The bourbon was Caitlin's.

She didn't drink it — kept it in the cabinet over the fridge for guests who wanted something that wasn't wine. She'd taken it down at 11:47 PM and put it on the coffee table between us with four glasses and walked back to the kitchen without offering to pour. The pour was somebody else's job. She'd done the listening. She was done with the doing.

Barry poured.

He filled the four glasses and his hand was steady, which surprised me. Three hours of a conversation in this living room had not done what I'd thought three hours of that conversation would do to him. He'd gone in with the suspicion he'd held since Powell Boulevard. He'd come out with a confirmation. Some men get smaller when their worst guess turns out to be true. Barry had gotten compact. Like a fist closing.

He pushed a glass at Cisco. Pushed one at me. Took one for himself. Set the fourth in front of Caitlin's empty seat at the end of the couch.

"To Joe," he said.

Cisco lifted his.

"To Joe."

"To Joe," I said.

We drank.

Joe was not in the room because Joe could not yet be in the room. Barry had been very clear about that during the conversation. Joe is the most honest person in my life. If we tell him, he goes after Jay tomorrow morning at the lab. Which means we tell him last, when we're ready to move. He'd been right. We'd put it on the list.

Caitlin came back from the kitchen with a tea kettle. Set it on the coaster. Sat. Picked up the bourbon. Held it without drinking.

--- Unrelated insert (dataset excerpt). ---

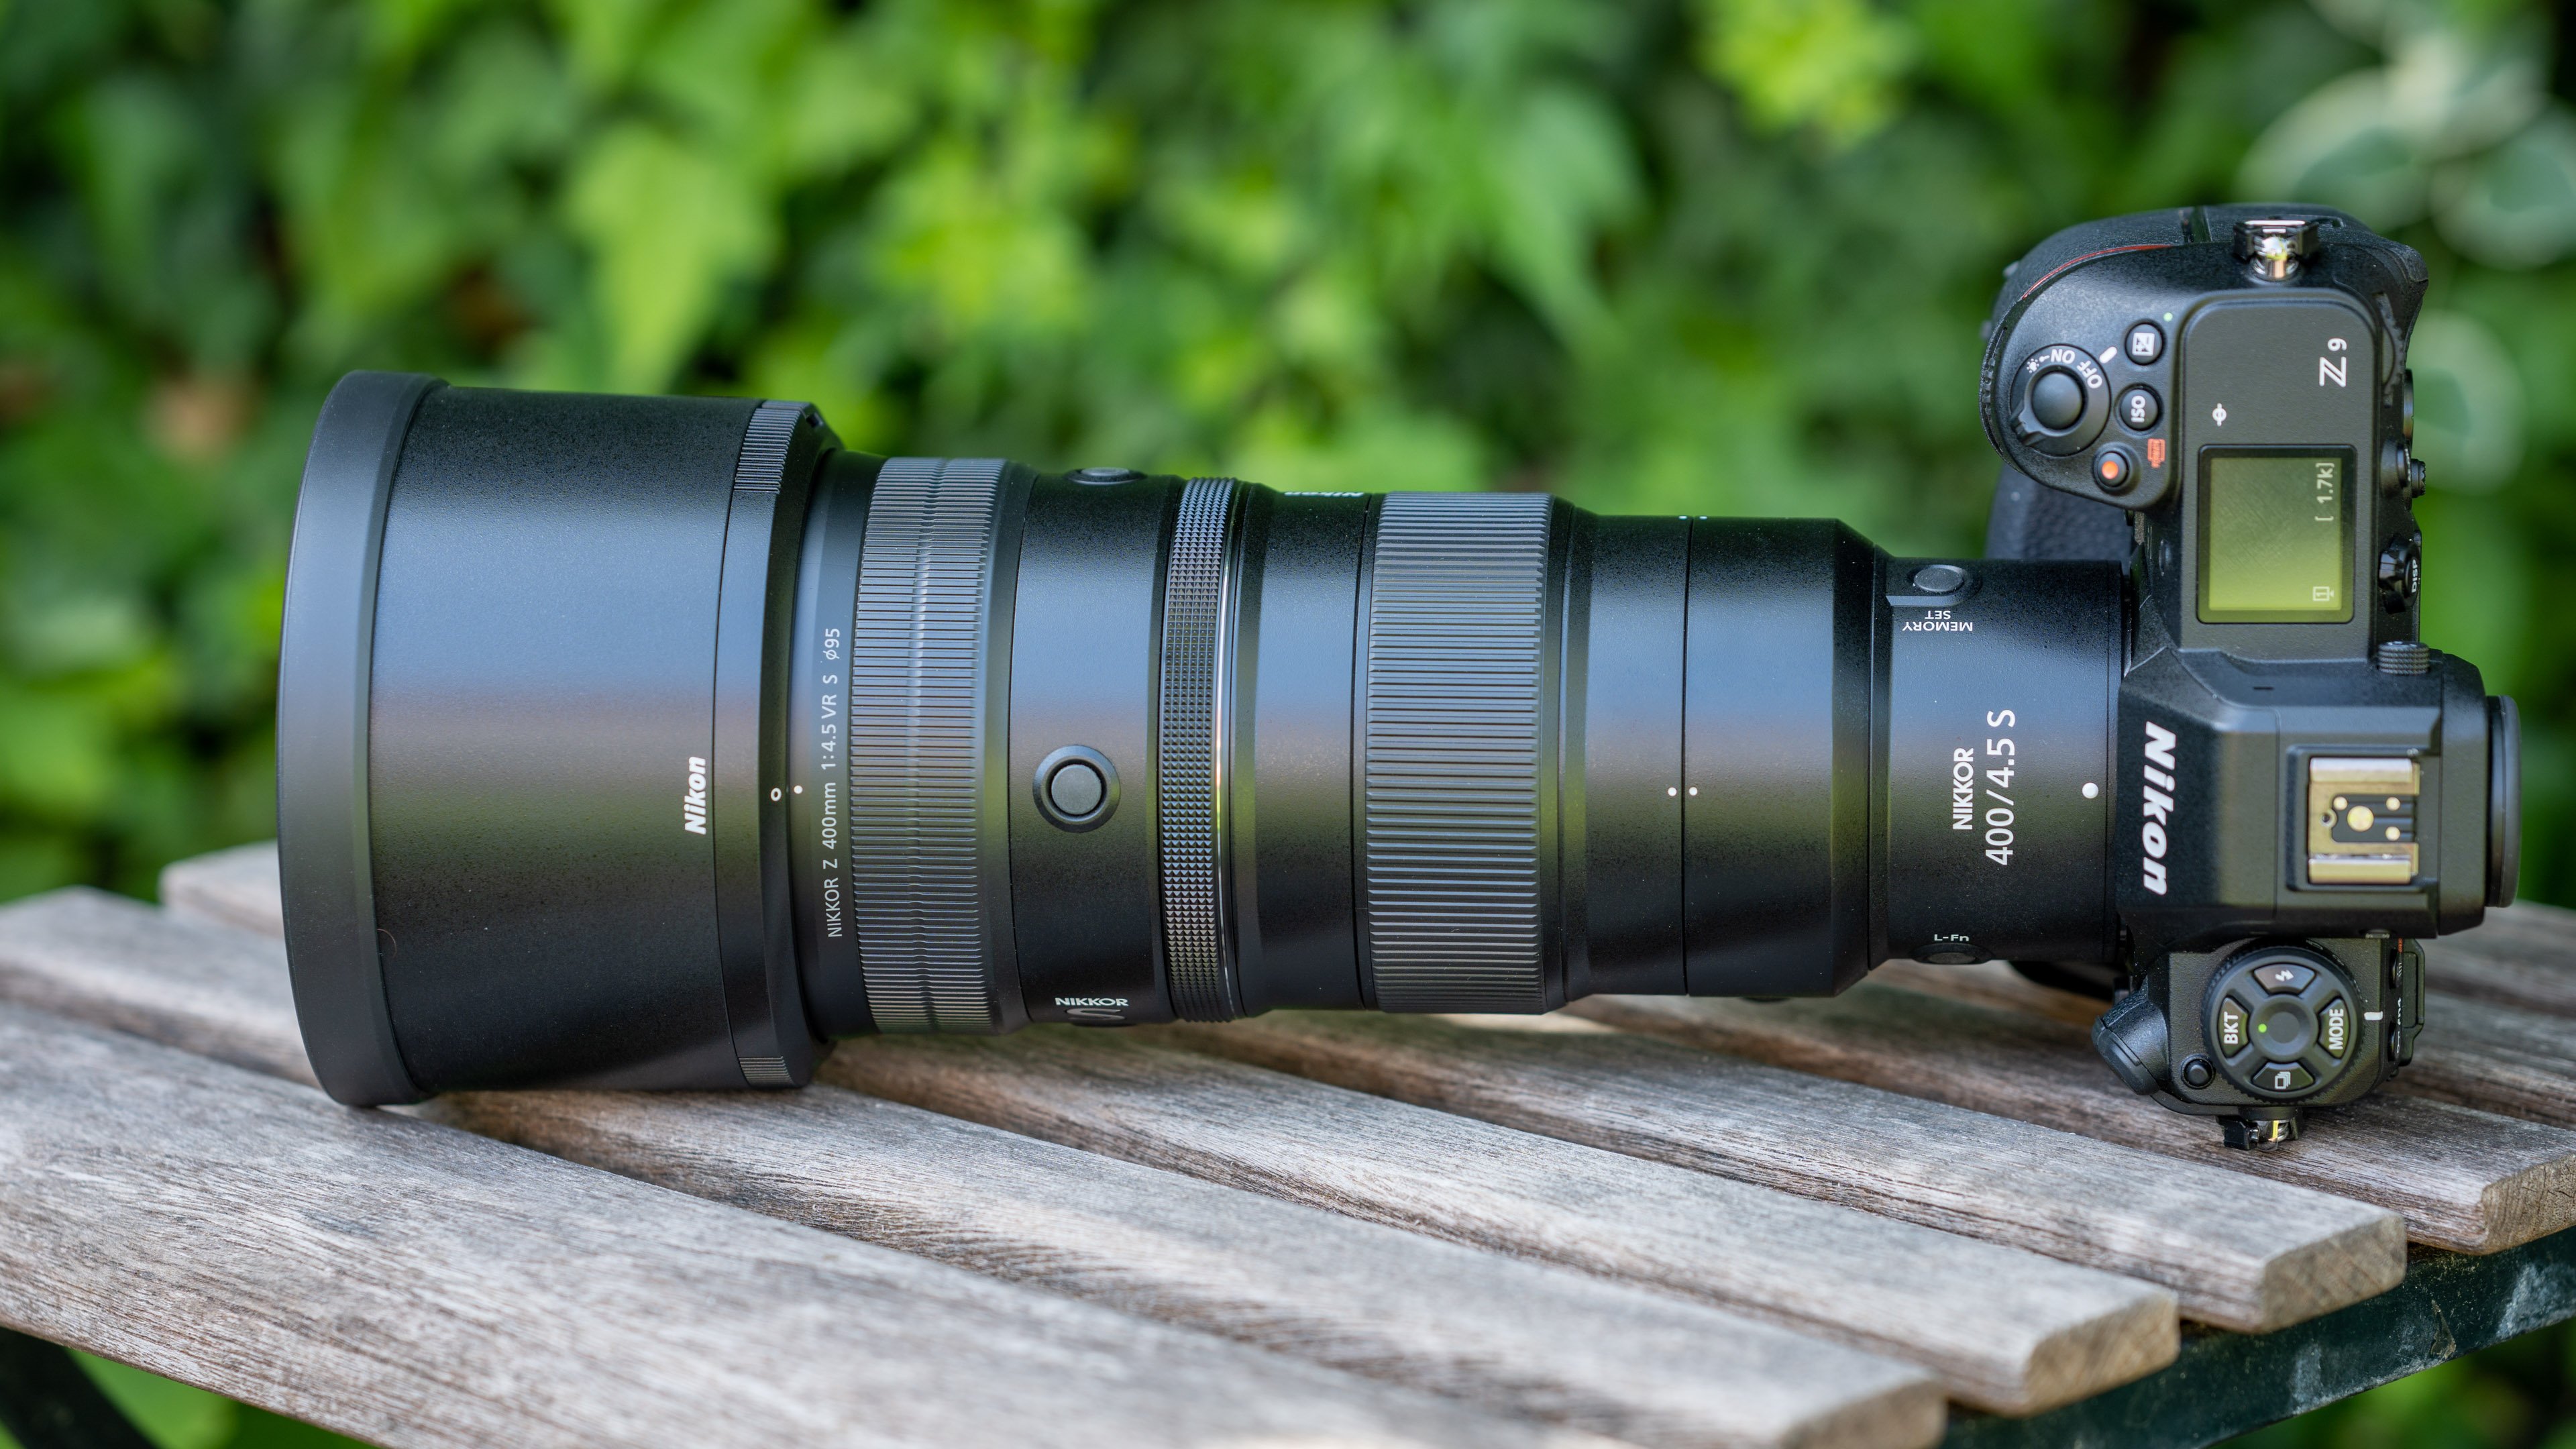 Nikon Z7 II Camera and Nikon Z 100-400mm F4.5-5.6 VR Lens

"So when do we move," she said.

Barry put his glass down.

"That's the next conversation. Not this one. This one we just sit in for another half hour because if I leave my body now I'm going to drive to STAR Labs and put a hand through his face."

"Don't."

"I won't."

"Promise."

"I promise."

Cisco was looking at his glass.

"It's going to be Christmas in eleven days," he said.

"Yeah."

"I don't know why I said that. Sorry. My brain is just — that's what it has."

"It's fine."

"He brought us coffee. He brought us coffee and I drank it on Tuesday. I drank his coffee."

"It was probably just coffee, Cisco."

"Probably."

"Cisco."

"Yeah, yeah. Probably."

We sat quiet for a minute. The tea kettle ticked as it cooled. Outside Caitlin's window, the building across the alley had its hallway lights on the timer that always cycled at midnight, and the rectangles in the windows shifted from yellow to a slightly cooler yellow, which was a thing I'd noticed the one summer I'd spent some nights here in another life of mine and had never told anyone about.

Caitlin set the bourbon down without drinking.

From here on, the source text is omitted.